1. [Transparency] Reasoning becomes visible and auditable
2. [Accuracy] Complex problems benefit from structured thinking
3. [Alignment] Rewards target both process and outcome
4. [Efficiency] Better training signal from intermediate steps

As models continue to scale, this focus on explicit reasoning will likely become even more central to reinforcement learning workflows.

# Conclusion

Reinforcement learning scaling represents a significant shift in LLM training methodology. Rather than simply increasing model size, RL scaling focuses on optimizing how models use their existing capacity through enhanced training processes.
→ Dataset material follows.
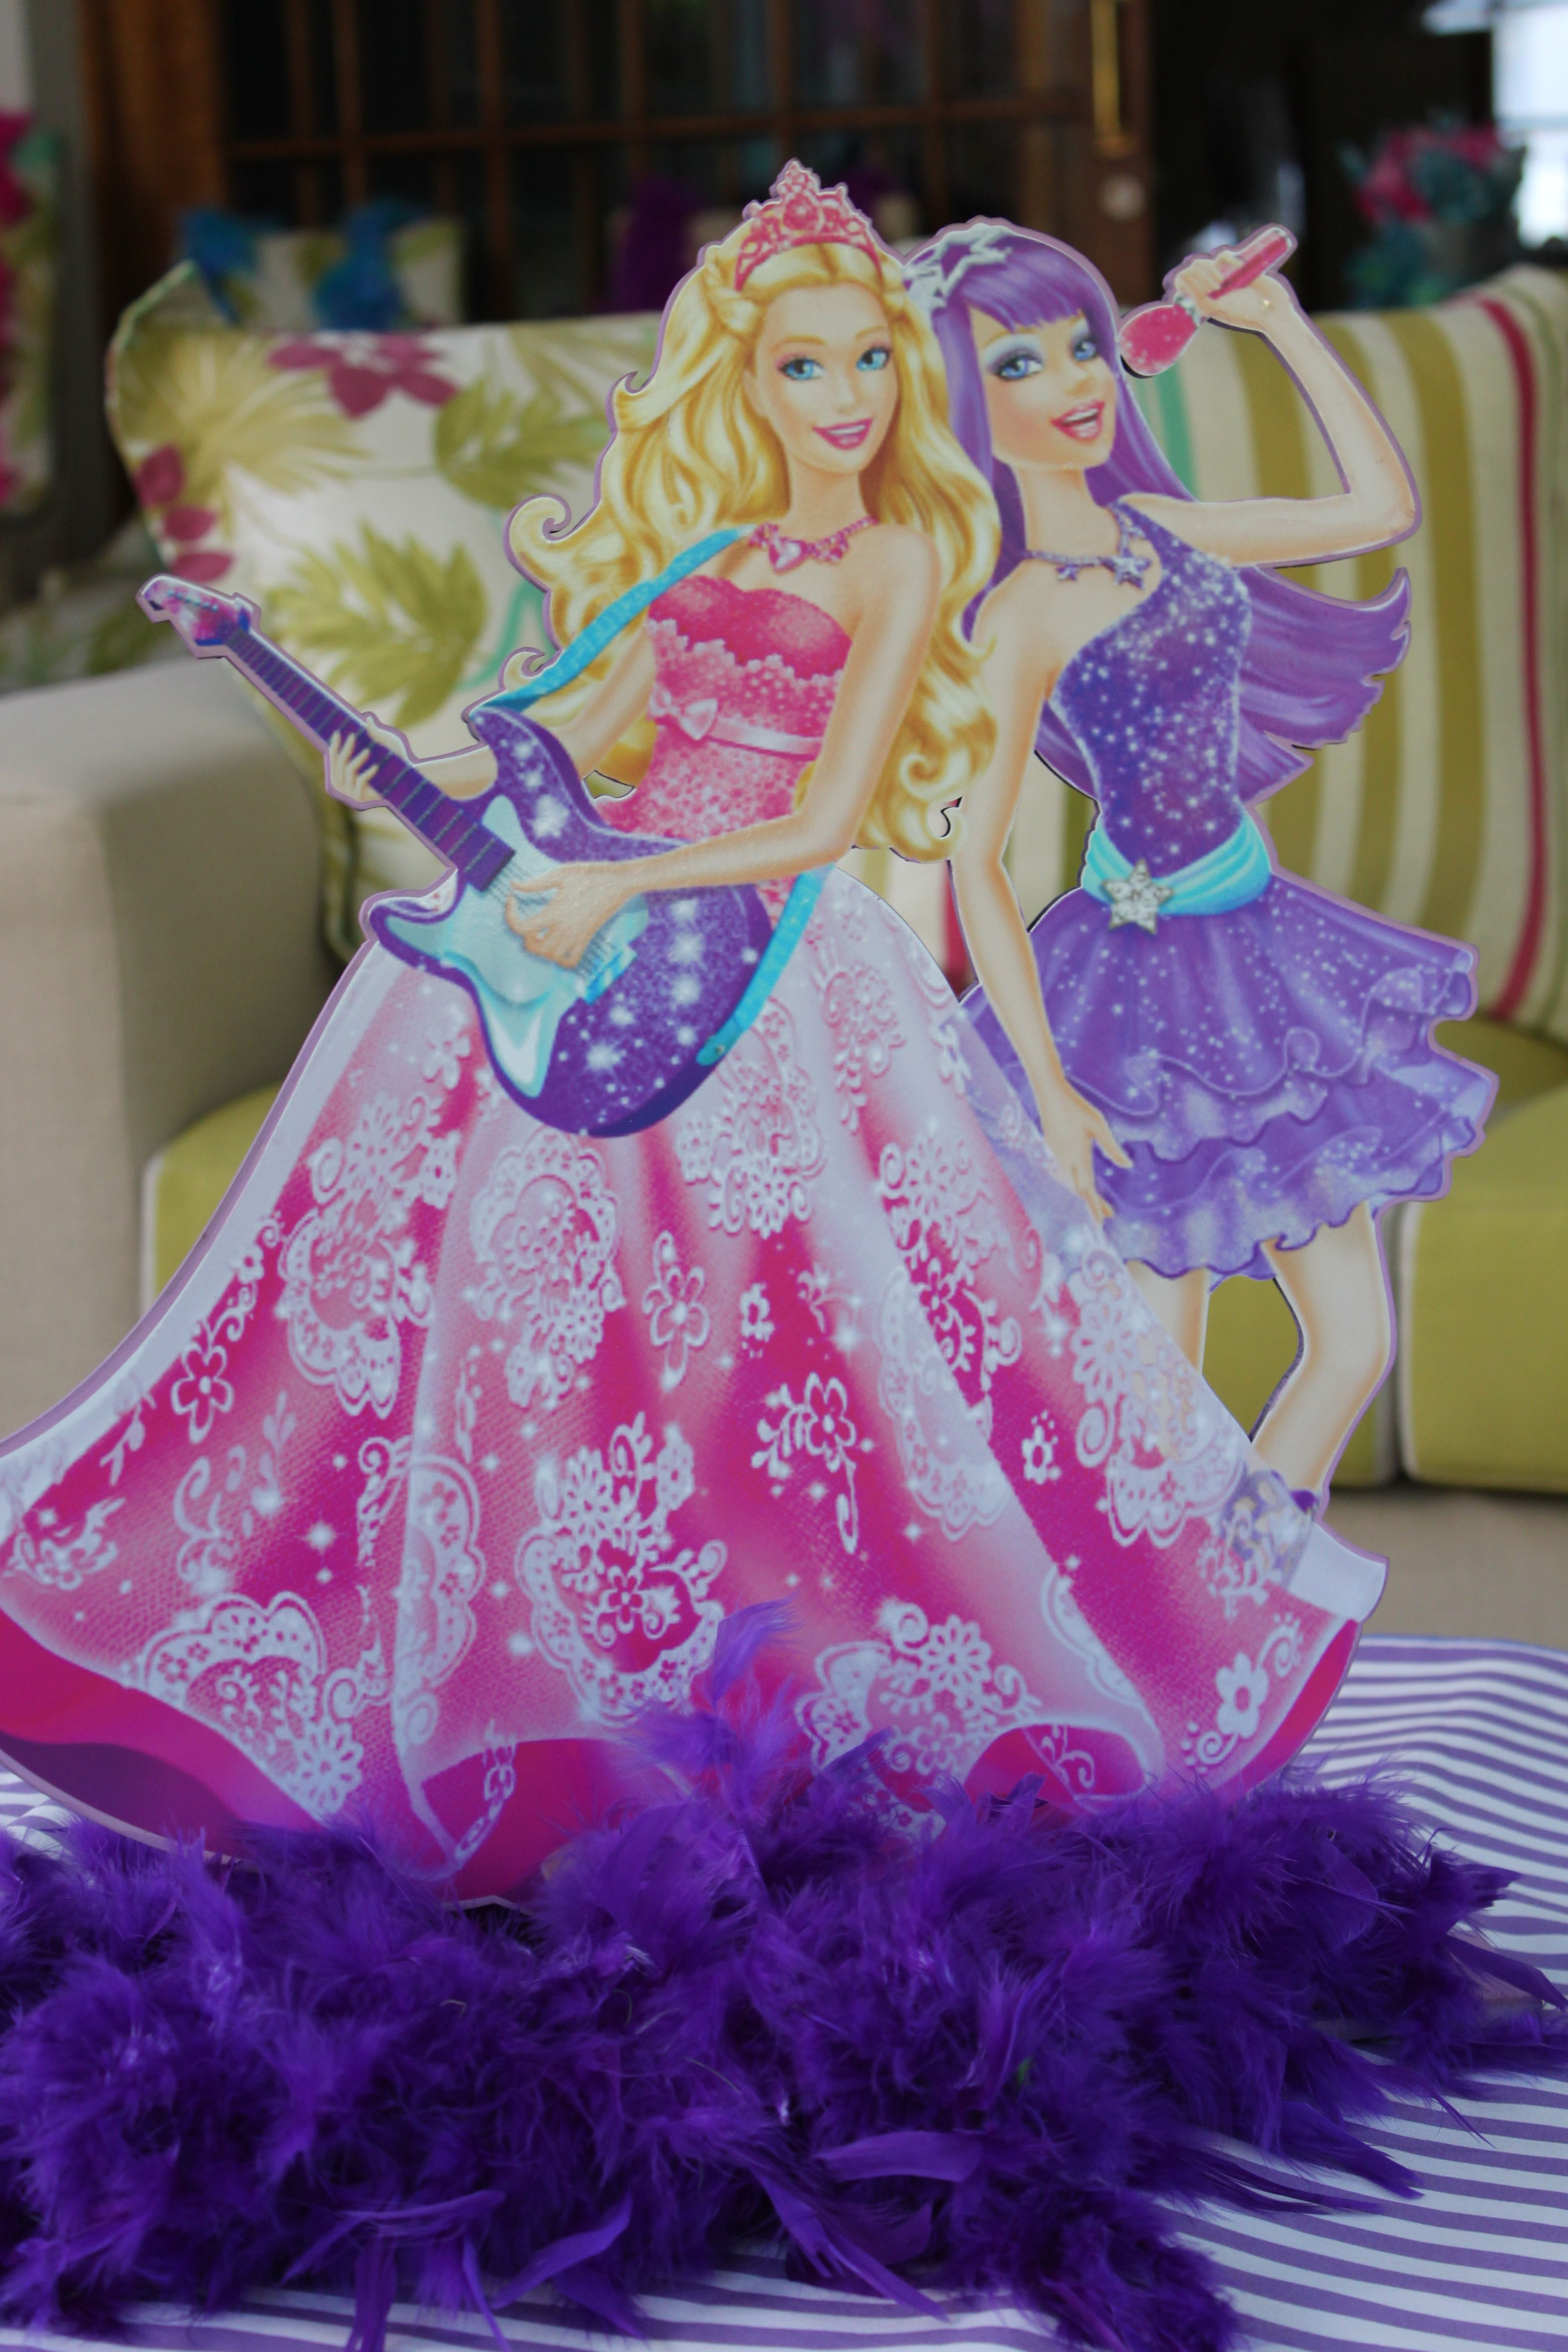 Barbie And The Pop Star Barbie And The Pop Star

The key components of scaled RL include:

- **Core algorithms**: PPO remains the industry standard, while newer approaches like GRPO offer memory efficiency and RLVR provides objective verification.
- **Multi-dimensional scaling**: Effective RL requires balanced growth across model capacity, training data, and computing resources.
- **Chain-of-thought focus**: Modern RL training emphasizes visible reasoning processes that improve both transparency and accuracy.
- **Infrastructure patterns**: Distributed rollouts, experience replay, and hybrid deployment frameworks enable efficient scaling.

The results of properly implemented RL scaling are substantial: significantly better reasoning abilities, more transparent thinking processes, and outputs that better align with human preferences.

As the field advances, we can expect further innovations in verification-based rewards and process supervision that will enable even more capable, aligned models. The most successful implementations will continue to combine elements from multiple algorithms, creating tailored approaches for specific domains.